Здесь есть один чудак, мнящий себя художником. Ни красок, ни кистей у него нет, с утра он уходит на берег и в набегающих волнах ставит отполированные морем камни на попа один на другой. Получаются какие-то причудливые формы, что торчат из воды и держатся против всяких законов физики. Публика на променаде останавливается посмотреть на эти вихлястые скульптуры и не скупится на мелочь – таким образом он зарабатывает себе на ужин. Ночью камни расшвыривают то ли волны, то ли мальчишки.
Художник и сам похож на свою скульптуру – на плечах примостился череп-голыш без единого волоска, который прикрывается от солнца детской панамкой.
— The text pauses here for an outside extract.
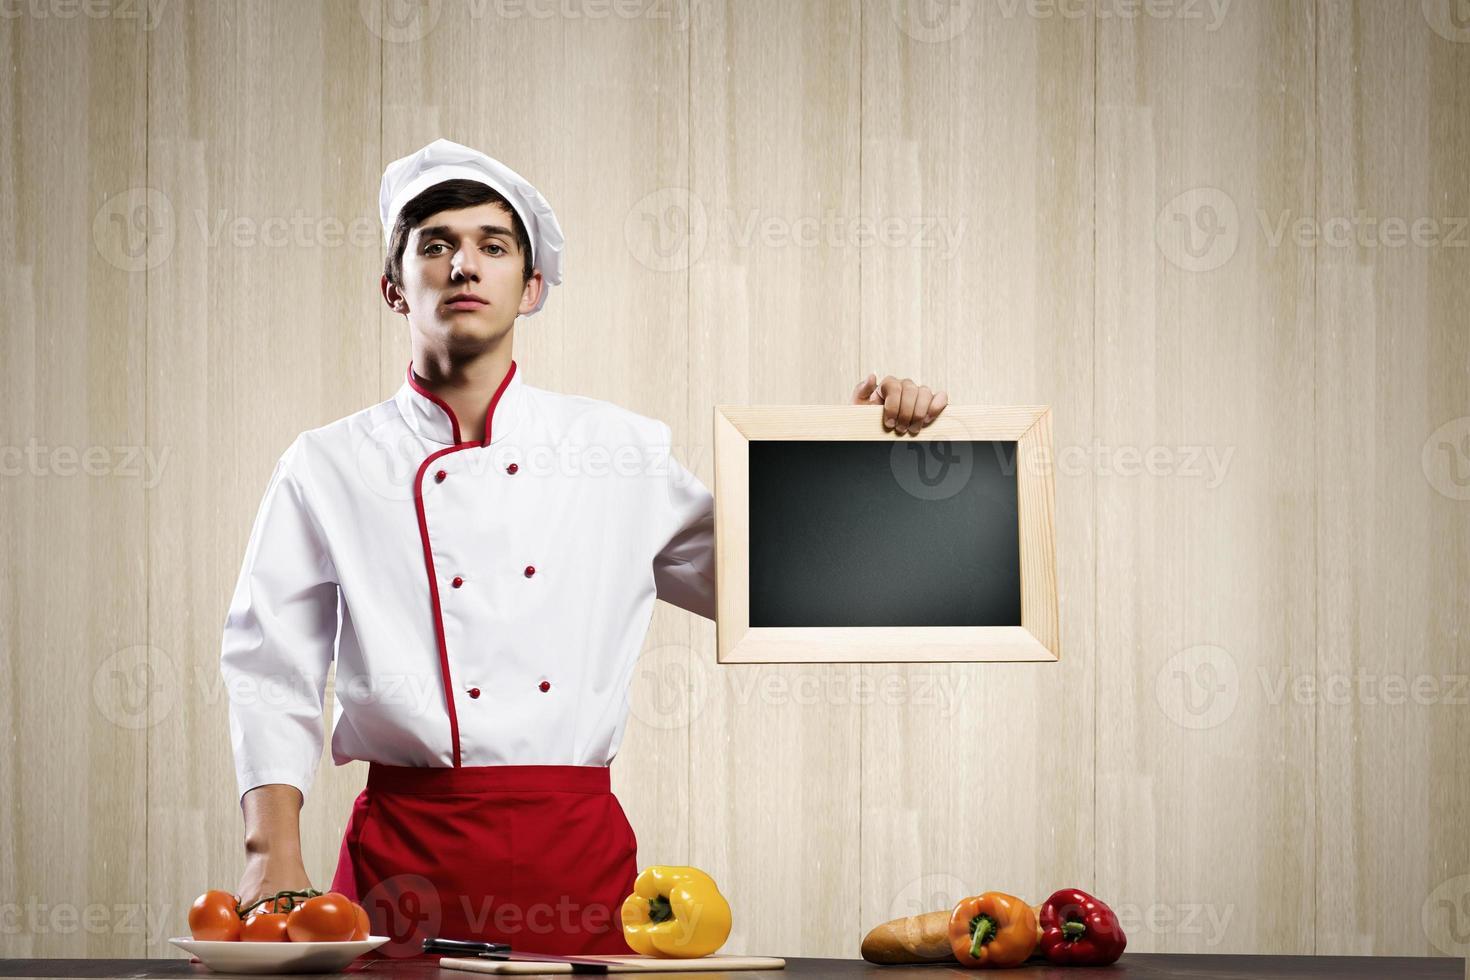 joven cocinero foto

Сегодня мы с Николаем поехали на фиакре смотреть на город с Шато. Оттуда, с Замковой горы, вся Ницца как на ладони, уступами с севера спускается к морю. Там же, в крепостце, защищавшей когда-то итальянский городок от врагов, а теперь ставшей рестораном, пообедали, причем встретили пляжного скульптора, и Николай пригласил его на стакан вина.
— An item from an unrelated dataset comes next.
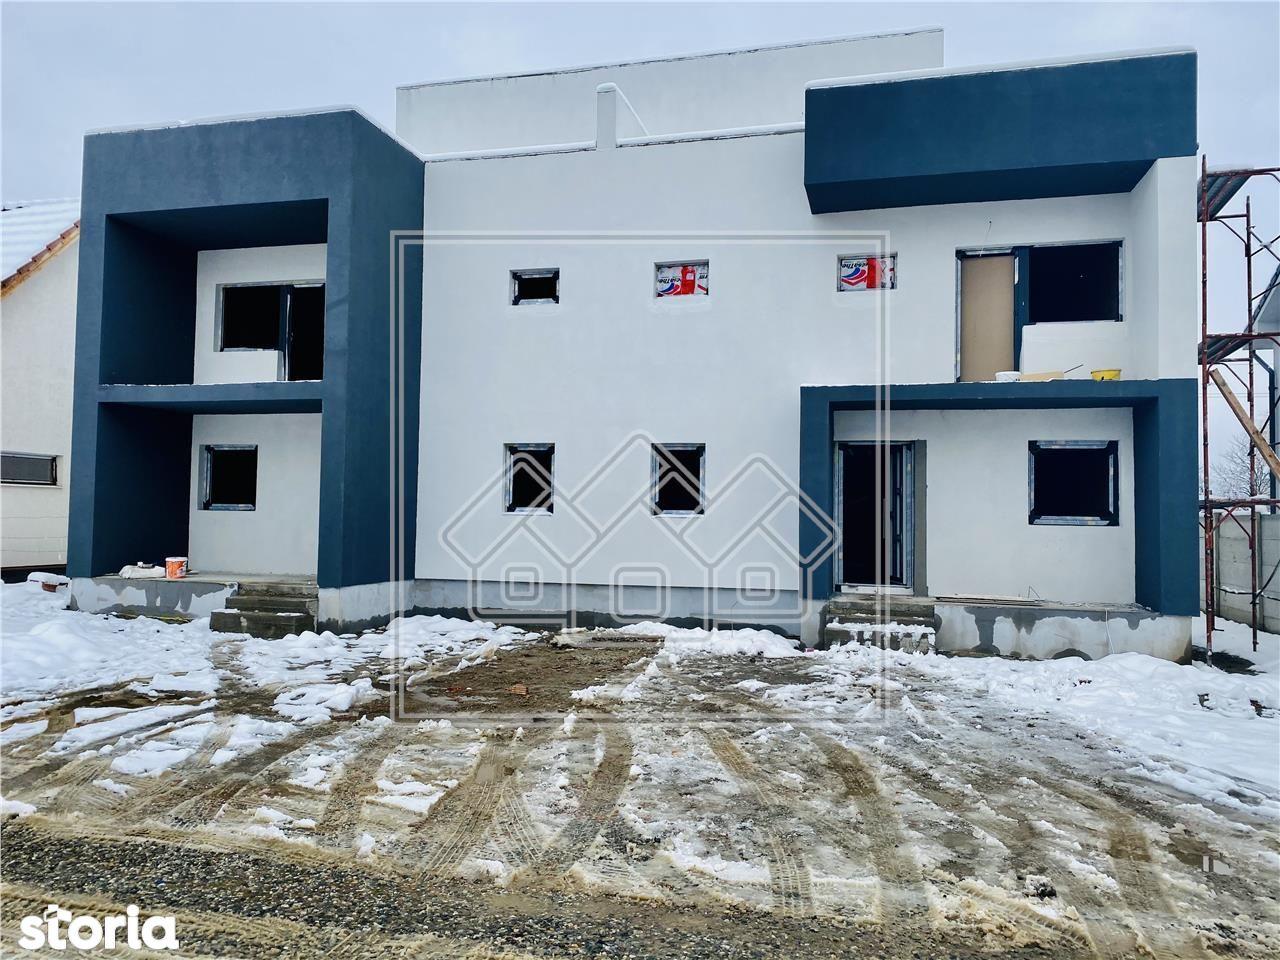 Casa tip dublex, 180 utili si curte libera 197 situata in Selimbar

Там, наверху, было ветрено, мистраль вздымал скатерти и юбки. Николай стал ни с того ни с сего нападать на несчастного старика, будто хотел что-то доказать ему:
Вот вы говорите, что готовы умереть в любую минуту без страха, что примете отлучение от этого неба, солнца, ветра без ропота и сожаления – со словами благодарности Богу и за каждый прожитый день и за посланную смерть. Но чтобы умереть счастливым, согласитесь, нужно хоть частью своей здесь остаться, породниться с женщиной, бронзой или хоть кирпичом, оставить потомство, теплокровное ли, каменное, бумажное, чтобы вы знали: вот это – мой сын, а вот это – моя дочь, я их люблю и оставляю жить вместо себя.
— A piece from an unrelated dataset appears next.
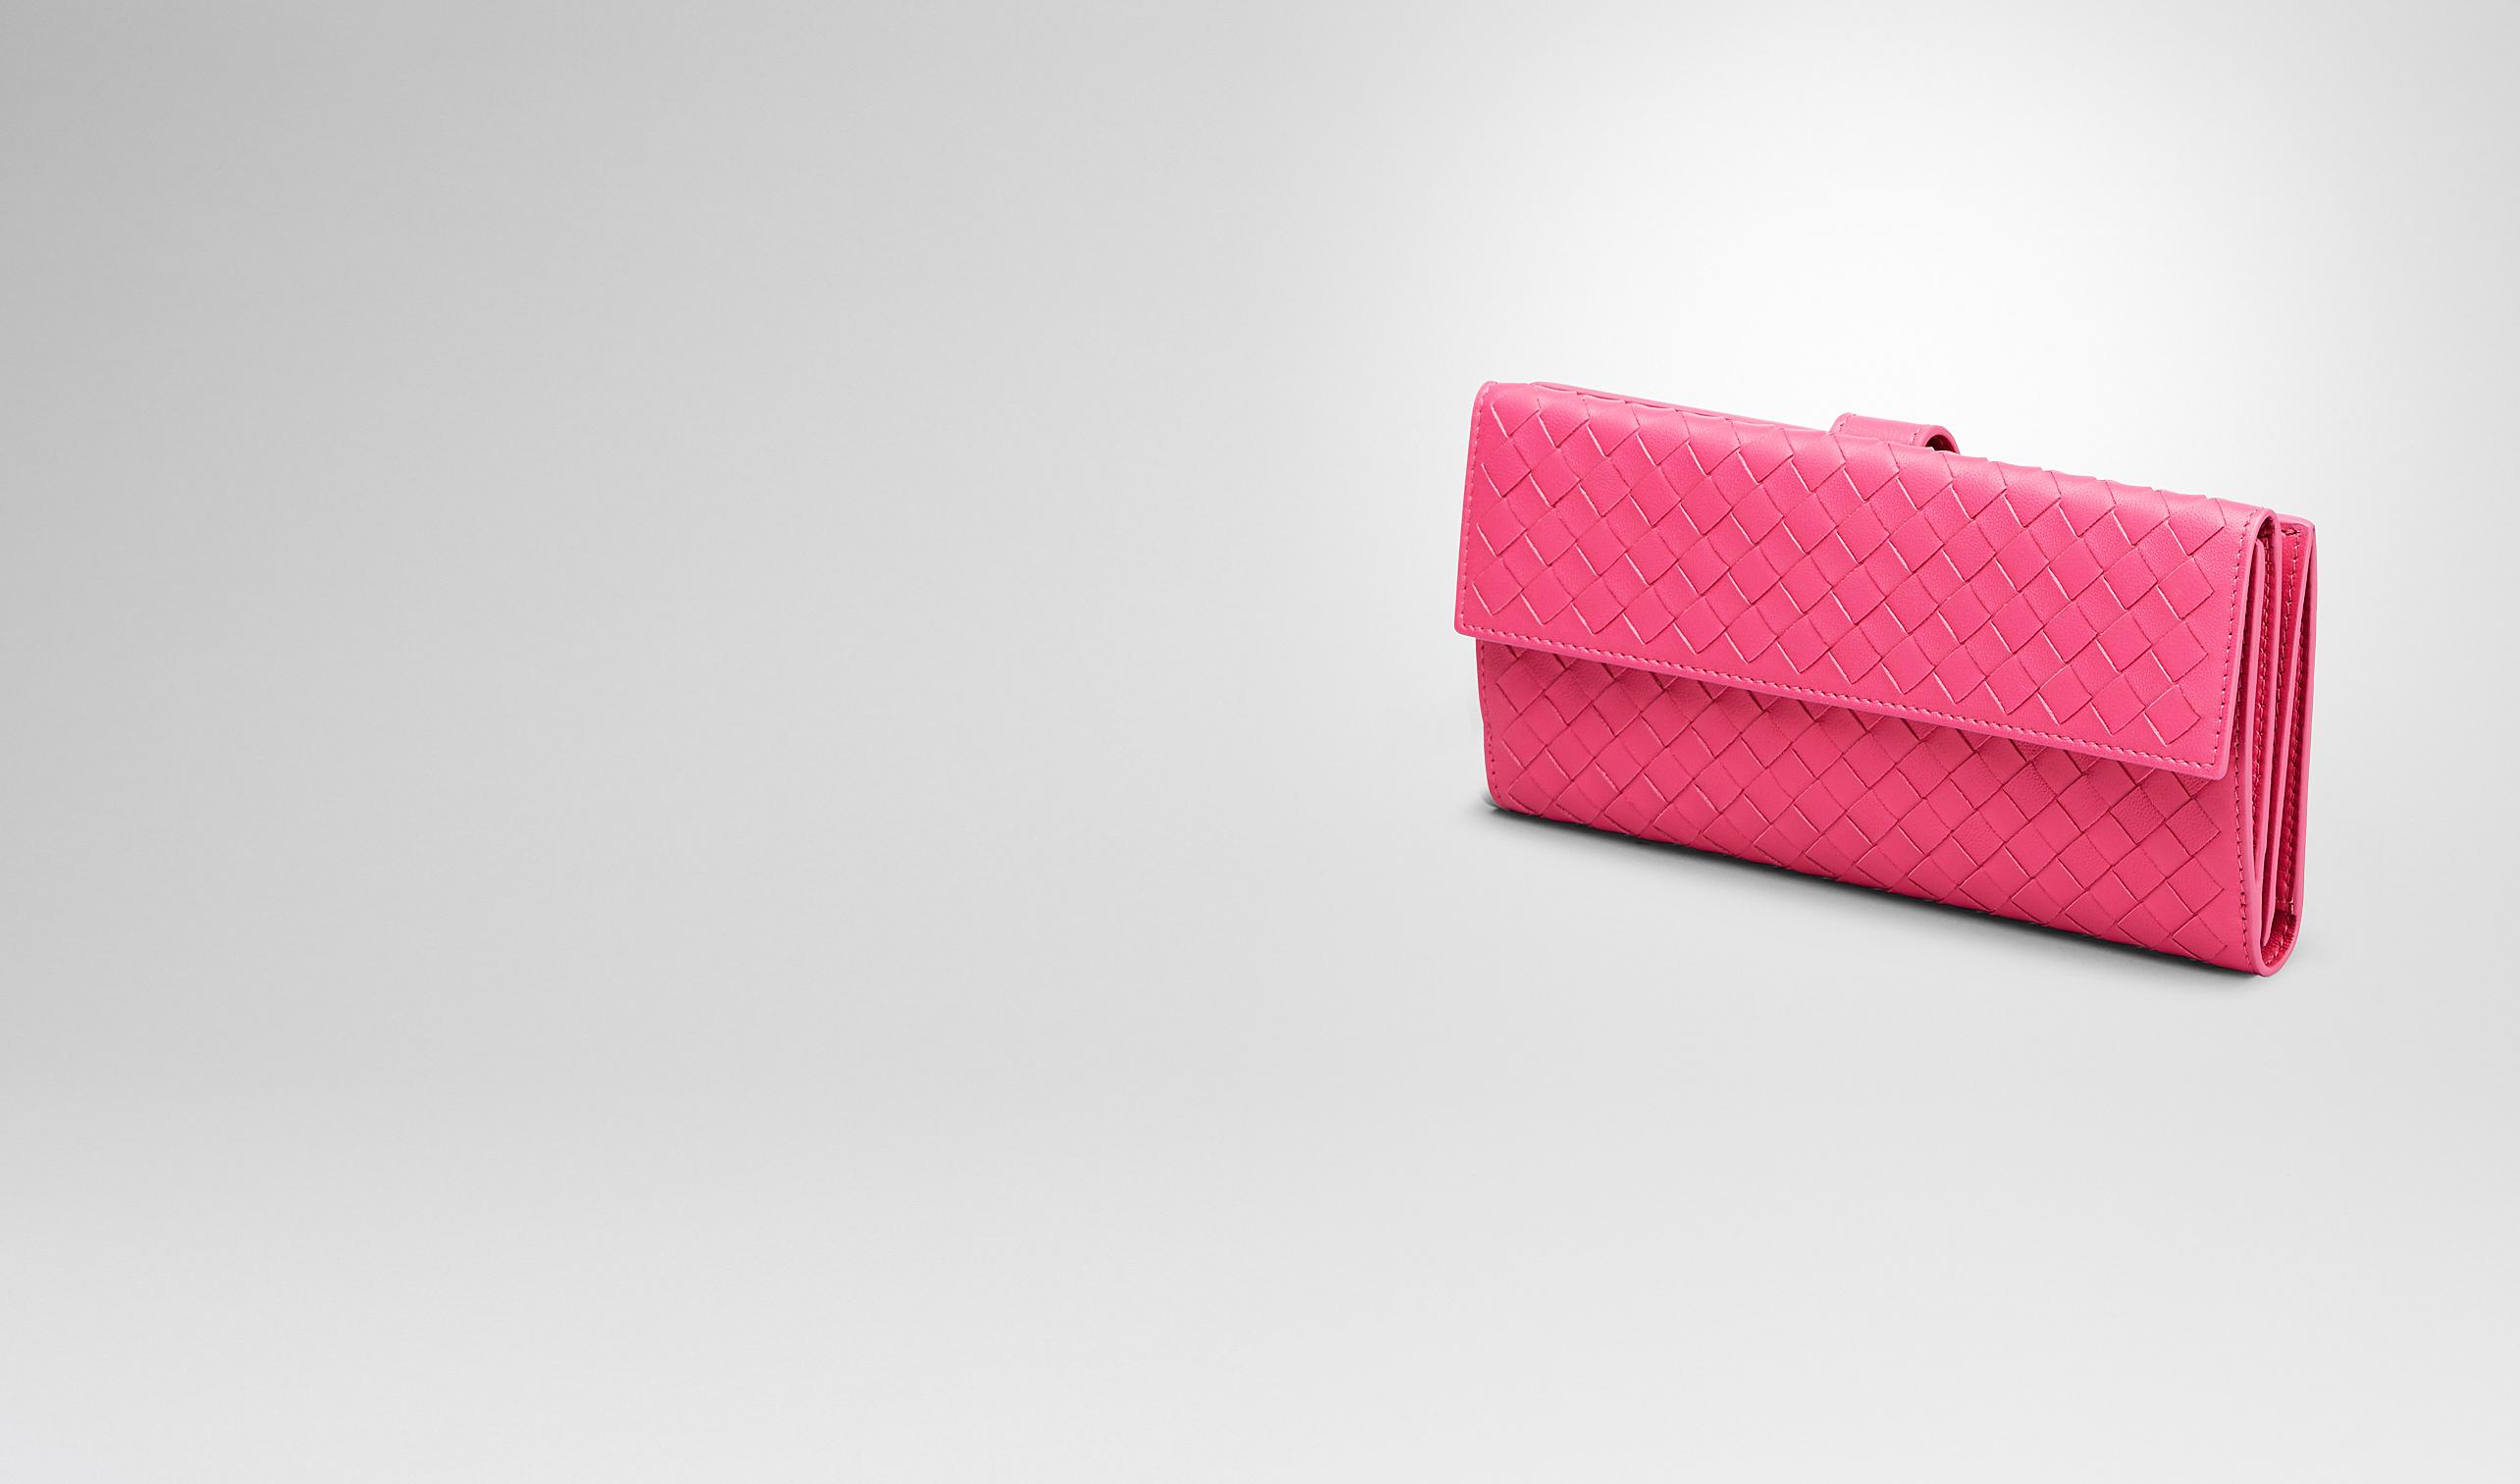 BOTTEGA VENETA Continental Wallet D Rosa Shock Intrecciato Nappa Continental Wallet pl

Старик только вытирал пот с шеи своей панамкой, виновато улыбаясь и не понимая, что от него хотят. Я зачем-то заступилась за этого беднягу с зубами, желтыми, как кукурузные зерна:
Знаете, чего вам надо бояться, благоразумный мой человек?
Чего же?
Того, что в один удивительный день вы не узнаете того, с кем думали, что породнились, выбросите на помойку ваших детей и на последний гривенник закажете в кондитерской ванильное мороженое с клубникой. Любите?
Нет.
Тут раздался выстрел из вестовой замковой пушки – команда всем проверить часы. Мы пошли обратно пешком. Сен-Жан с горы похож на распластанного крокодила. Конец января, а уже цветут лавр, миндаль, пинии, апельсины, лимоны.
Разбила зеркало. Случайно, конечно. Гром, звон, вся ванная в осколках. Даже поцарапала руку. Неглубоко, несколько капель. Не успела оглянуться, а они уже повесили новое. И оттуда кто-то смотрит. Мне хуже с каждым днем. Кожа сохнет, морщинится, обтягивает череп. Силы уходят. Не показываю вида, после завтрака бодро иду к морю, но дохожу только до ближайшего кресла на променаде. Сижу, сколько могу, любуюсь гуляющими и облаками, кормлю чаек, потом возвращаюсь к себе в номер, глотаю порошки и реву.